If you are an undocumented alien considering "adjusting status" to become a legal resident, having a criminal history may disqualify you and even result in removal proceedings being brought against you. In this article, our Las Vegas Immigration Criminal Defense lawyers summarize which crimes make undocumented aliens inadmissible and therefore vulnerable to removal proceedings.1
This page applies only to undocumented/illegal aliens and to legal aliens who are currently abroad and seeking readmission. If you are a legal alien living in Nevada, go to our webpage on Nevada Crimes that Lead to Deportation. If you already have a criminal conviction, go to our page on Ways to Change or Vacate Past Criminal Convictions in Nevada.
Drug Trafficking offenses in Nevada are inadmissible crimes
If you are an alien in Nevada and the U.S. government reasonably believes you have been involved with drug trafficking, you may not be admissible into the U.S. Even if you are just the spouse or child of a drug trafficker and you have, with full knowledge, received money from the drug trafficking in the last five years, you may be considered inadmissible also.2
To learn more about Nevada drug laws, visit our page on Drug Crimes in Nevada.

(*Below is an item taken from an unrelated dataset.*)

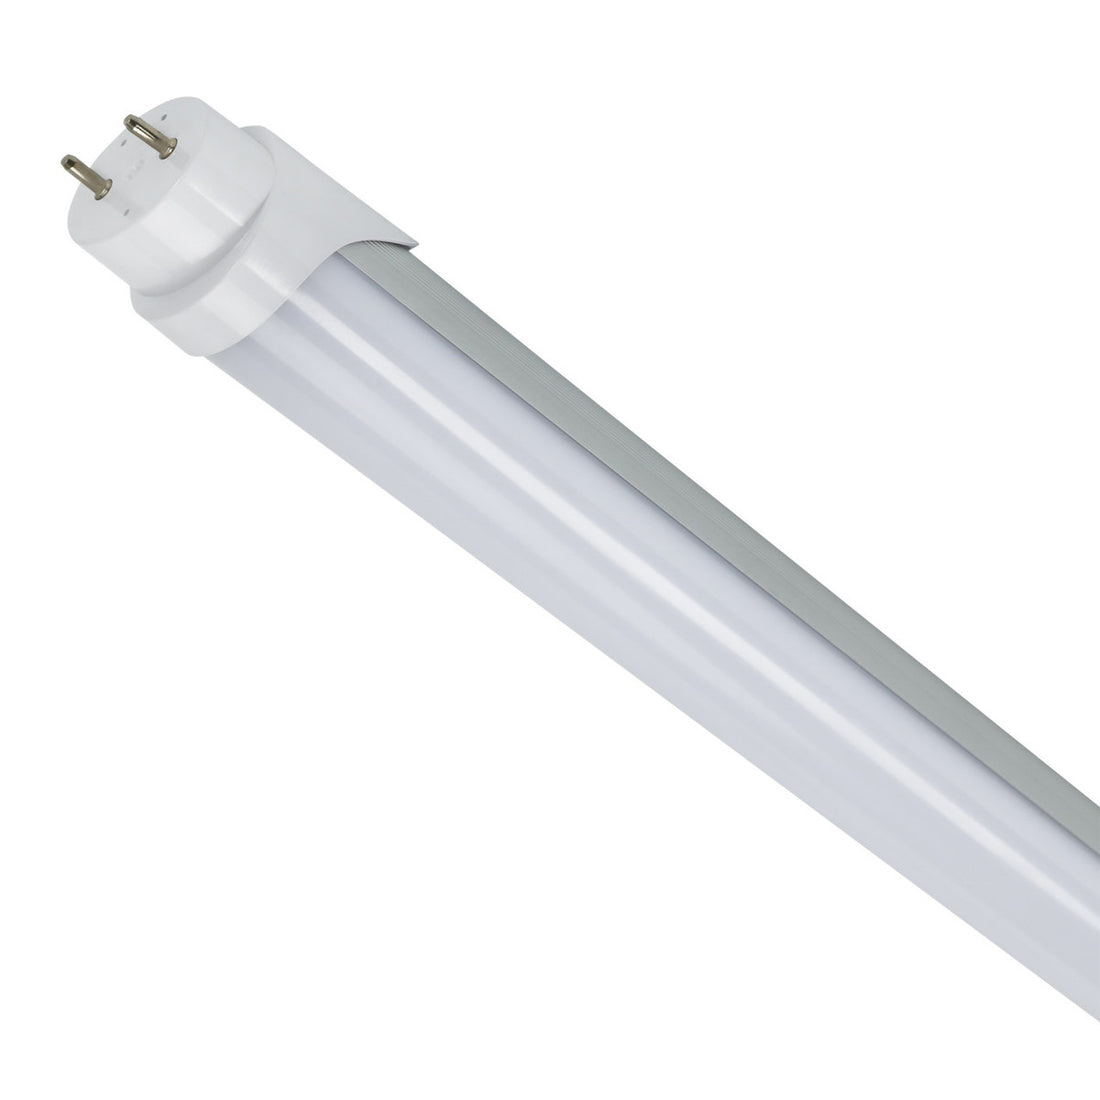 Dual-Mode T8 LED Tube - 15W, 4ft, 5000K, 100-277VAC Input, Switch Dimming, 140¬∞ Beam Angle, Frosted Lens, Circular Aluminum Housing, Two-End Input - 30 Pack

Prostitution offenses in Nevada are inadmissible crimes
If you are an alien who came to America to commit prostitution, to traffic prostitutes or to receive money from prostitution, you may be inadmissible into the U.S. as long as these acts allegedly took place within ten years of applying for admission into the U.S.3
To learn more about Nevada solicitation laws, visit our page on Prostitution crimes in Nevada.
Convictions of More than One Offense in Nevada are inadmissible crimes
If you are an alien in Nevada who has been convicted of at least two crimes with a combined sentence of five years or more, you may be inadmissible into the U.S.4
Crimes Involving Moral Turpitude (CIMTs) in Nevada are inadmissible offenses
Crimes involving moral turpitude (CIMTs) is a category of crimes that are especially reprehensible. Some examples of CIMTs are murder, rape, kidnapping, and prostitution in Las Vegas. If you are an alien who has been convicted of a CIMT or has admitted to committing a CIMT, you may not be admitted into the U.S5
If you have been convicted of only one CIMT, however, you will still be admissible into the U.S. as long as the judge imposed six months or less of jail time AND the maximum sentence for the CIMT is no more than one year.6 So, for example, a first offense of prostitution in Las Vegas would not render you inadmissible because its maximum sentence is only six months.
To learn more about CIMTs, which is one of the most confusing areas of immigration law, visit our Crimes involving Moral Turpitude in Nevada page.
Call us for help . . . .
If you are an undocumented alien living in Nevada, we know you are here only to work hard, earn an honest living and ensure a better life for your kids. So if you are hoping to adjust status to become a legal alien but are suspected of committing a criminal offense, we may be able to aid in your case. Call our Las Vegas immigration criminal defense lawyers at 702-DEFENSE (702-333-3673) for a free consultation.
To learn about inadmissible crimes in California, go to our page on inadmissible crimes in California.
1 Go to the U.S. Citizenship & Immigration Services website to learn more about adjusting status.
2 8 U.S.C. § 1182(a)(2)(C).
3 8 U.S.C. § 1182(a)(2)(D).
4 8 U.S.C. § 1182(a)(2)(B).
5 8 U.S.C. § 1182(a)(2)(A).
6 8 U.S.C. § 1182(a)(2)(A). Another exception to the CIMT rule concerns aliens who were under eighteen when the CIMT allegedly occurred: As long as the sentence ended more than five years prior to the alien applying to the U.S. for admission, the alien will not be removed for that offense.